• [WHAT THE EXERCISE ASKS]: Please return the listing below exactly, without any of its pictures.

• [RECORDED INFORMATION]:
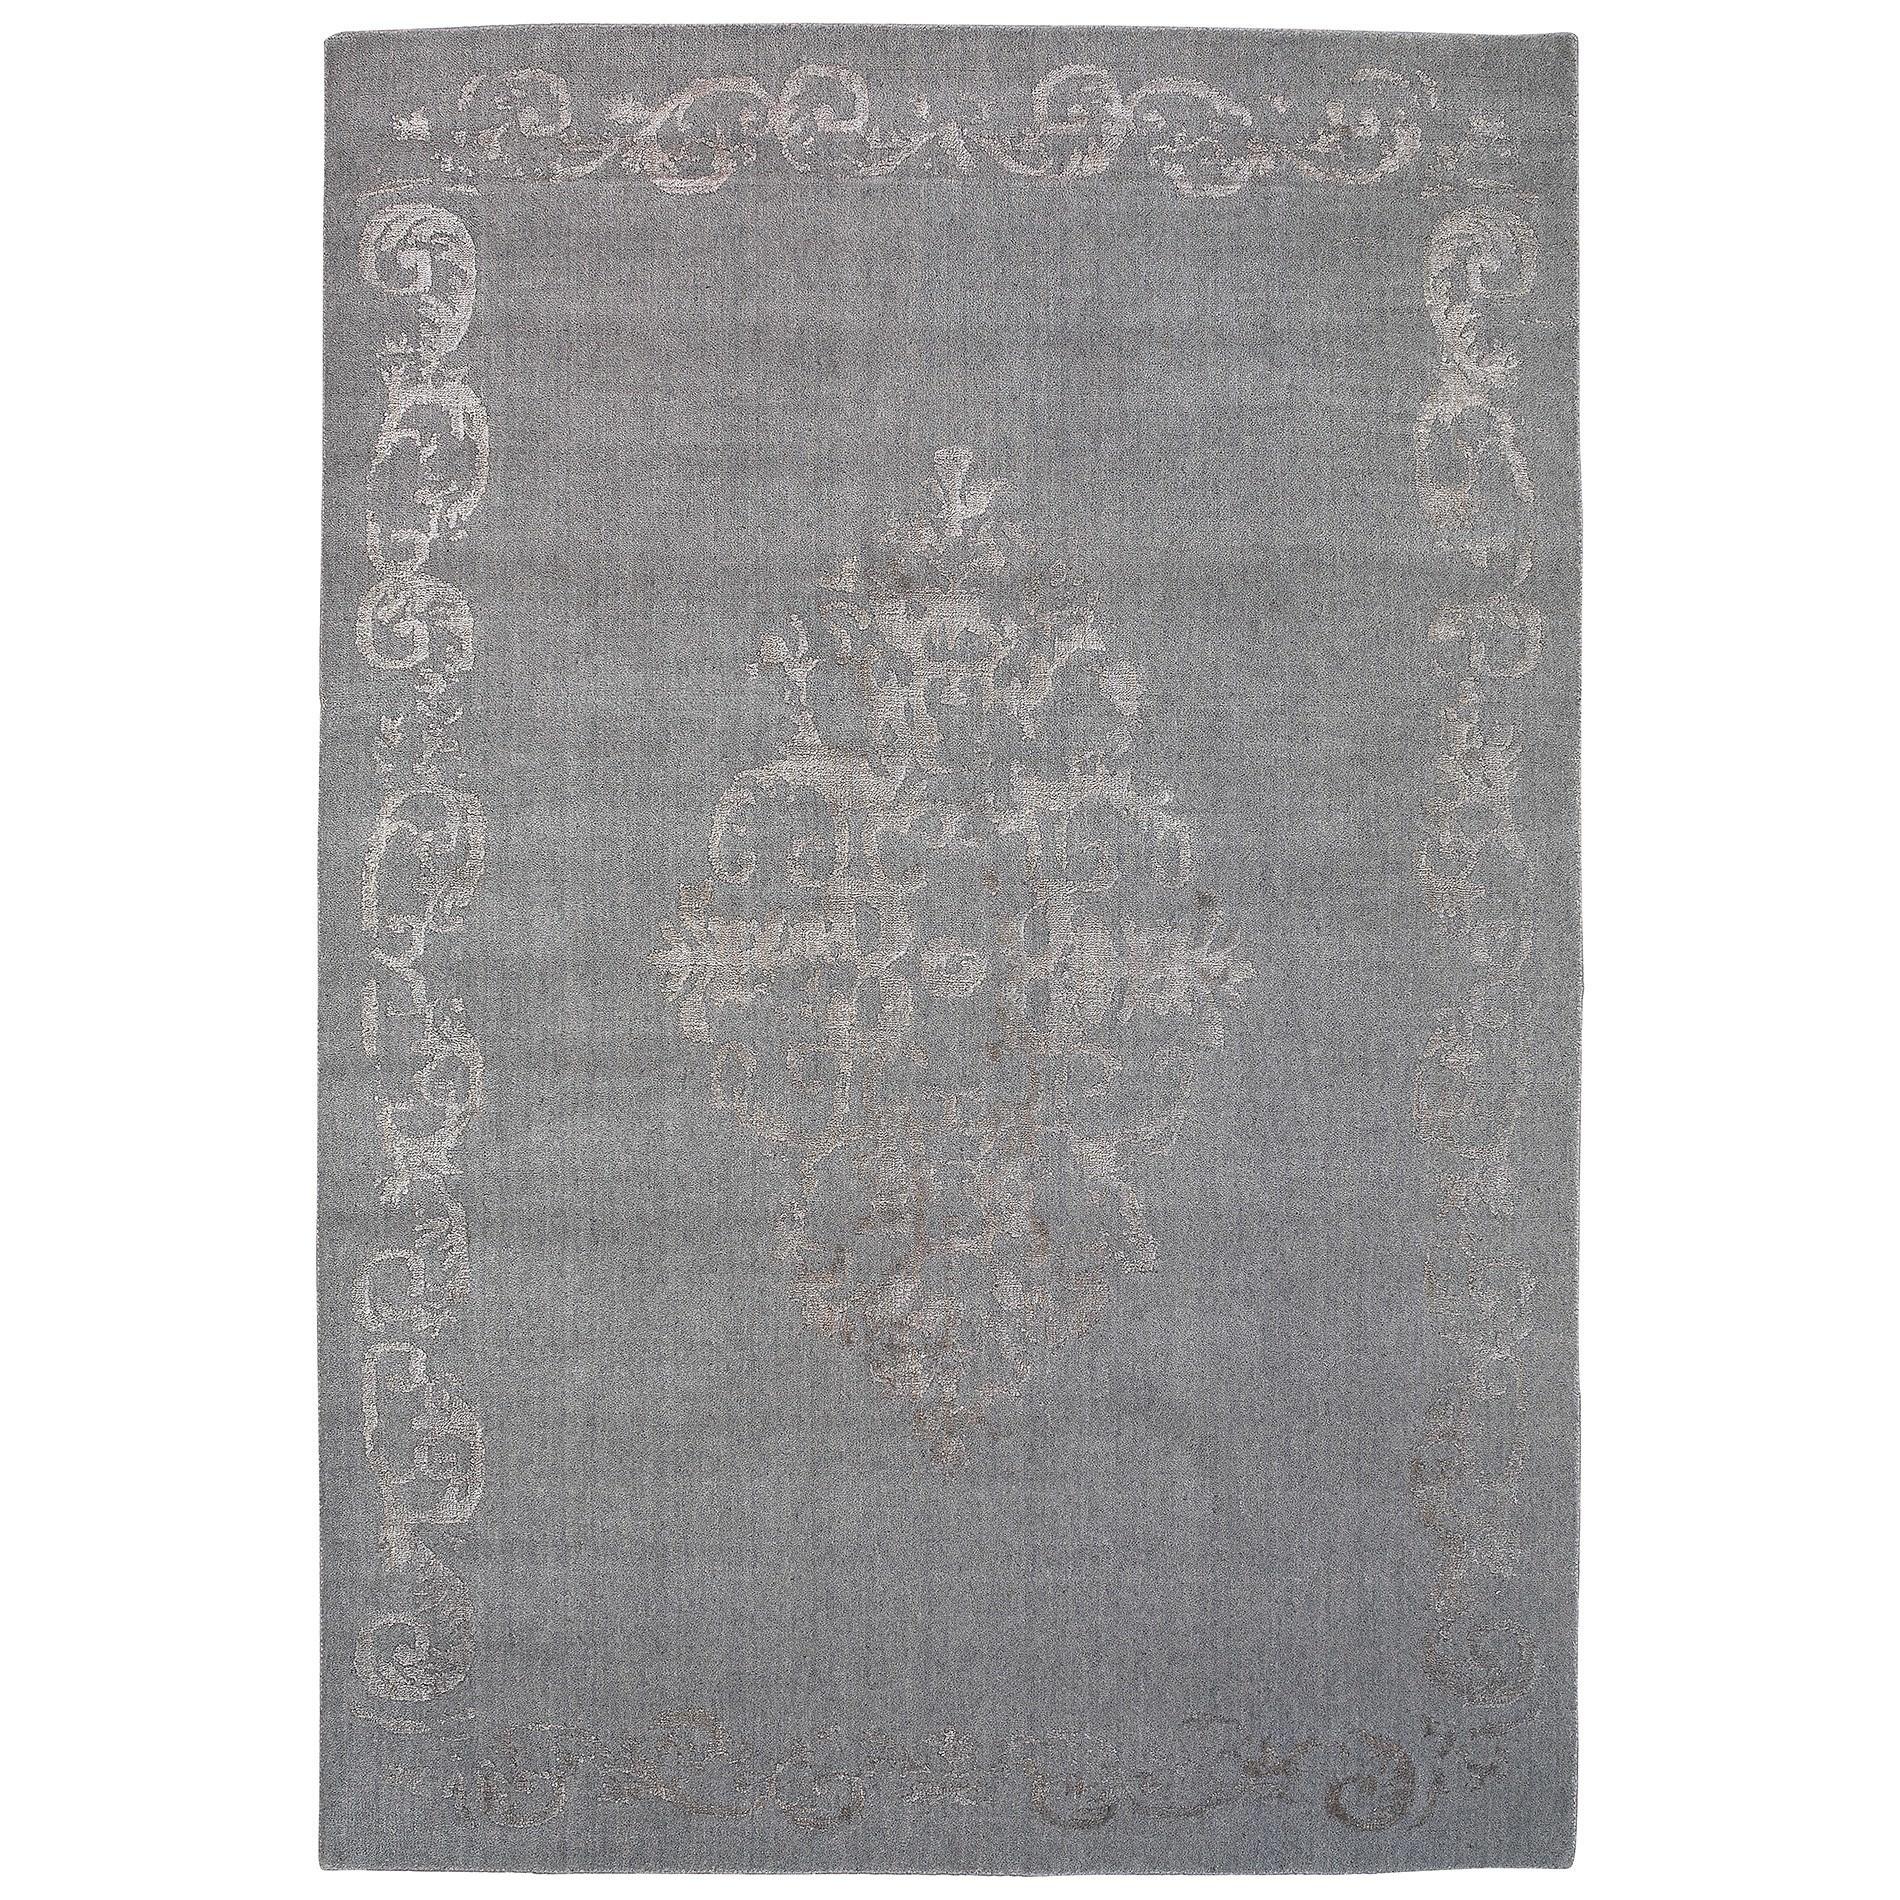 Vienna No.048 Handmade Wool Transitional Rug, 330x240cm, Grey
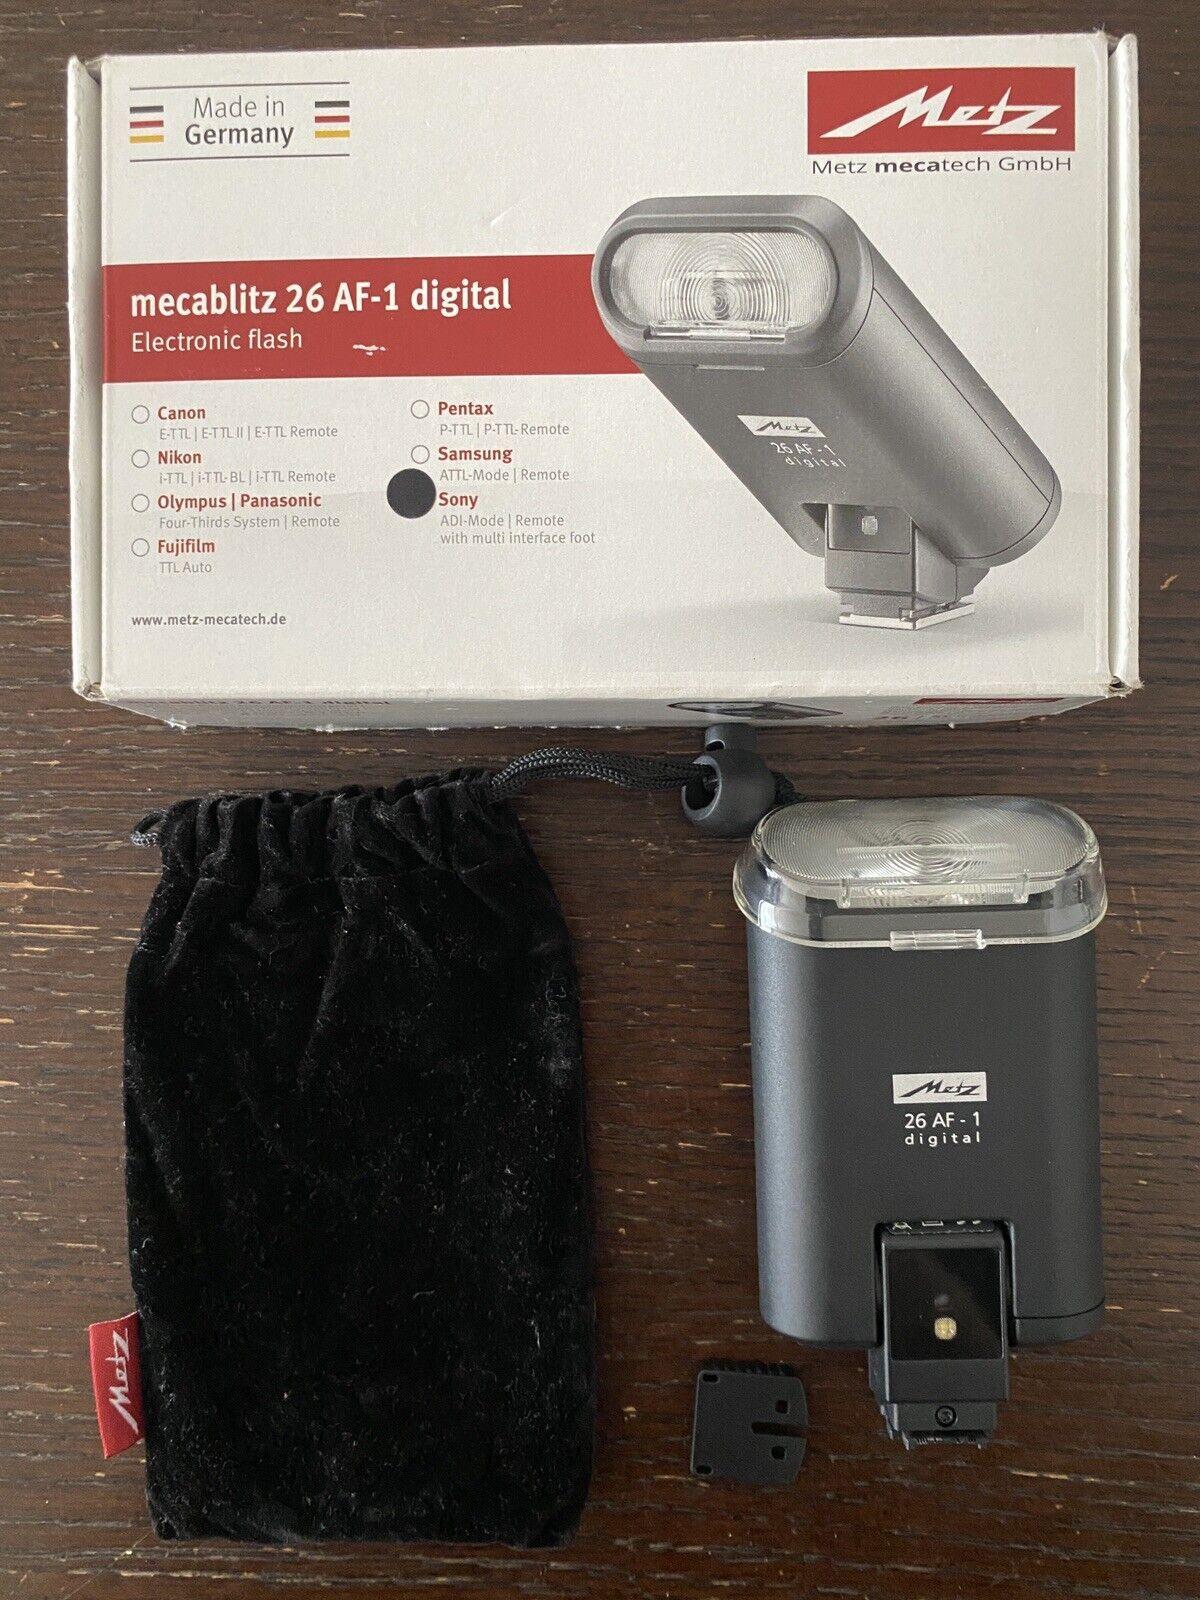 Metz mecablitz 44 AF-2 Digital Flash for Nikon i-TTL Cameras
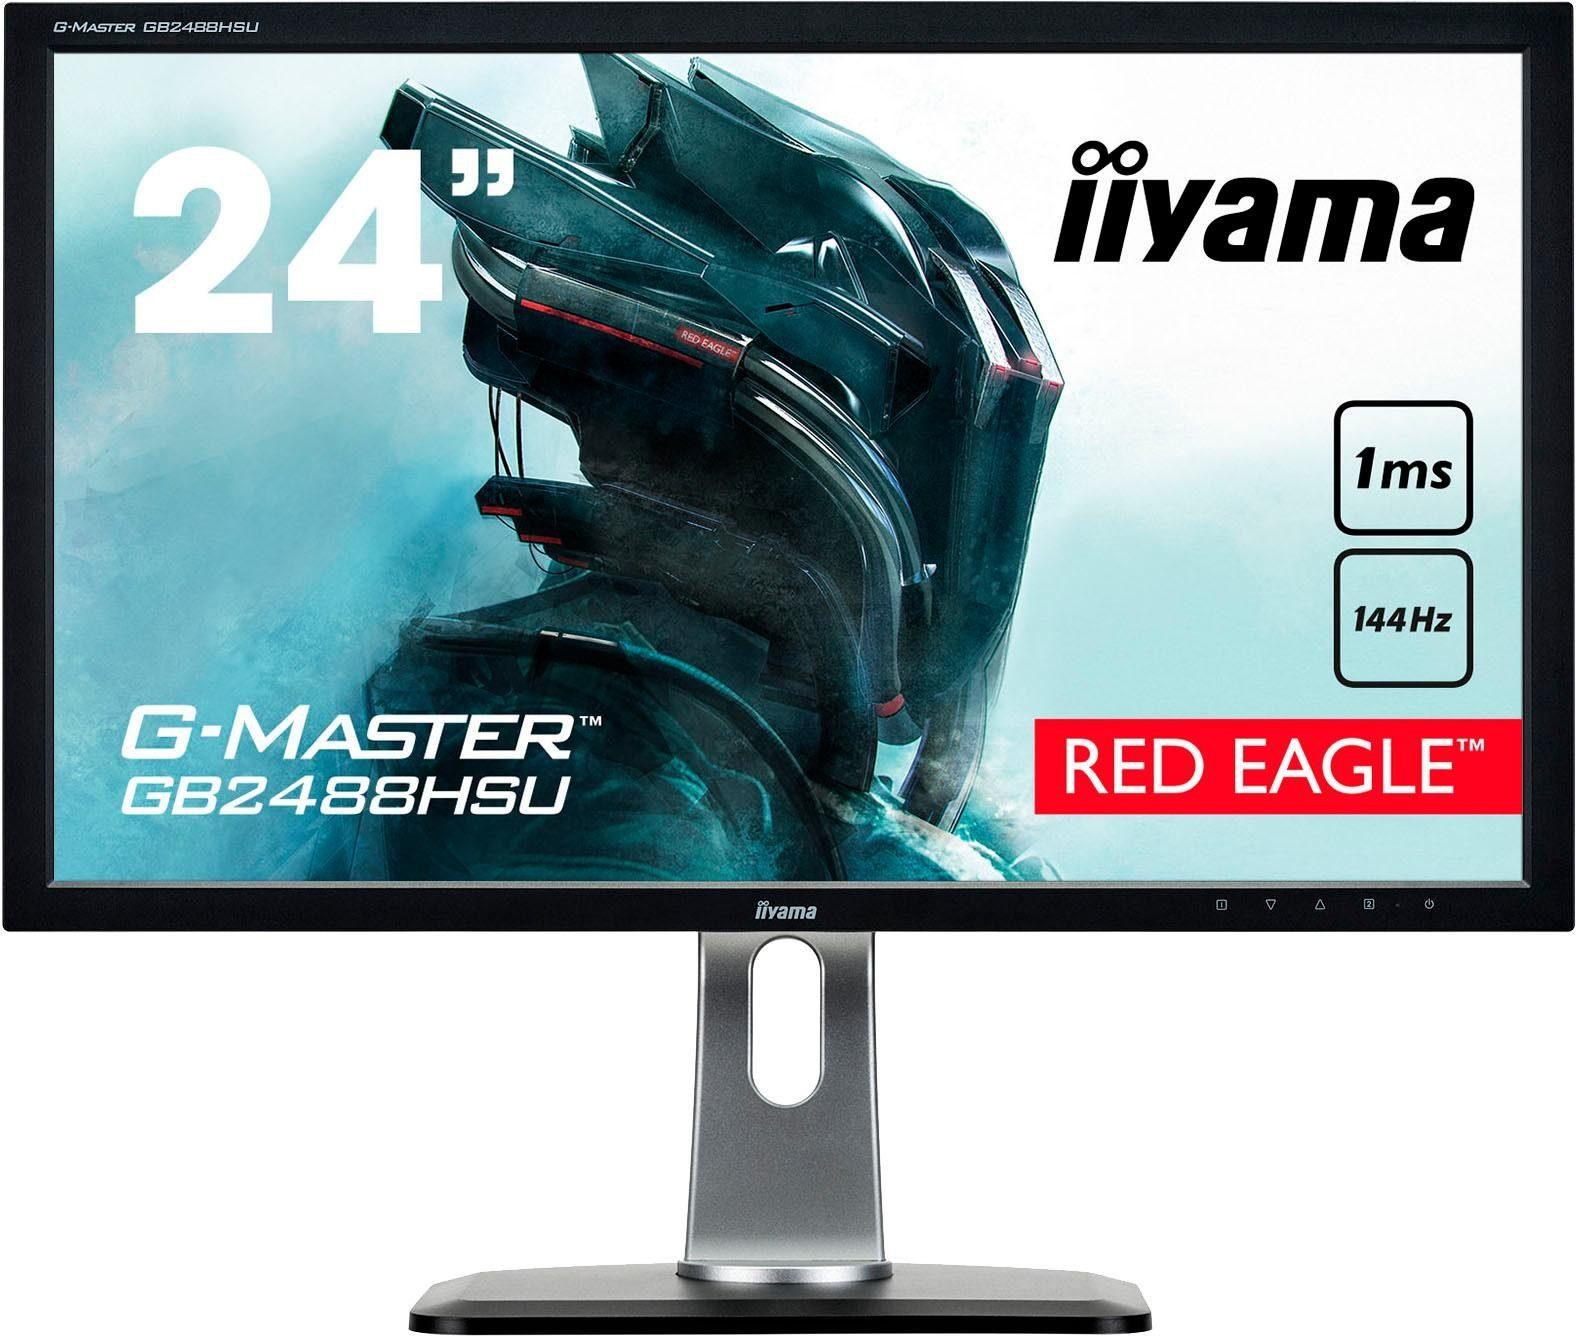 Iiyama GB2488HSU-B3 Gaming-LED-Monitor (1920 x 1080 Pixel, Full HD, 1 ms Reaktionszeit, 144 Hz)

• [COMPLETED EXERCISE]:
 Vienna No.048 Handmade Wool Transitional Rug, 330x240cm, Grey
 Metz mecablitz 44 AF-2 Digital Flash for Nikon i-TTL Cameras
 Iiyama GB2488HSU-B3 Gaming-LED-Monitor (1920 x 1080 Pixel, Full HD, 1 ms Reaktionszeit, 144 Hz)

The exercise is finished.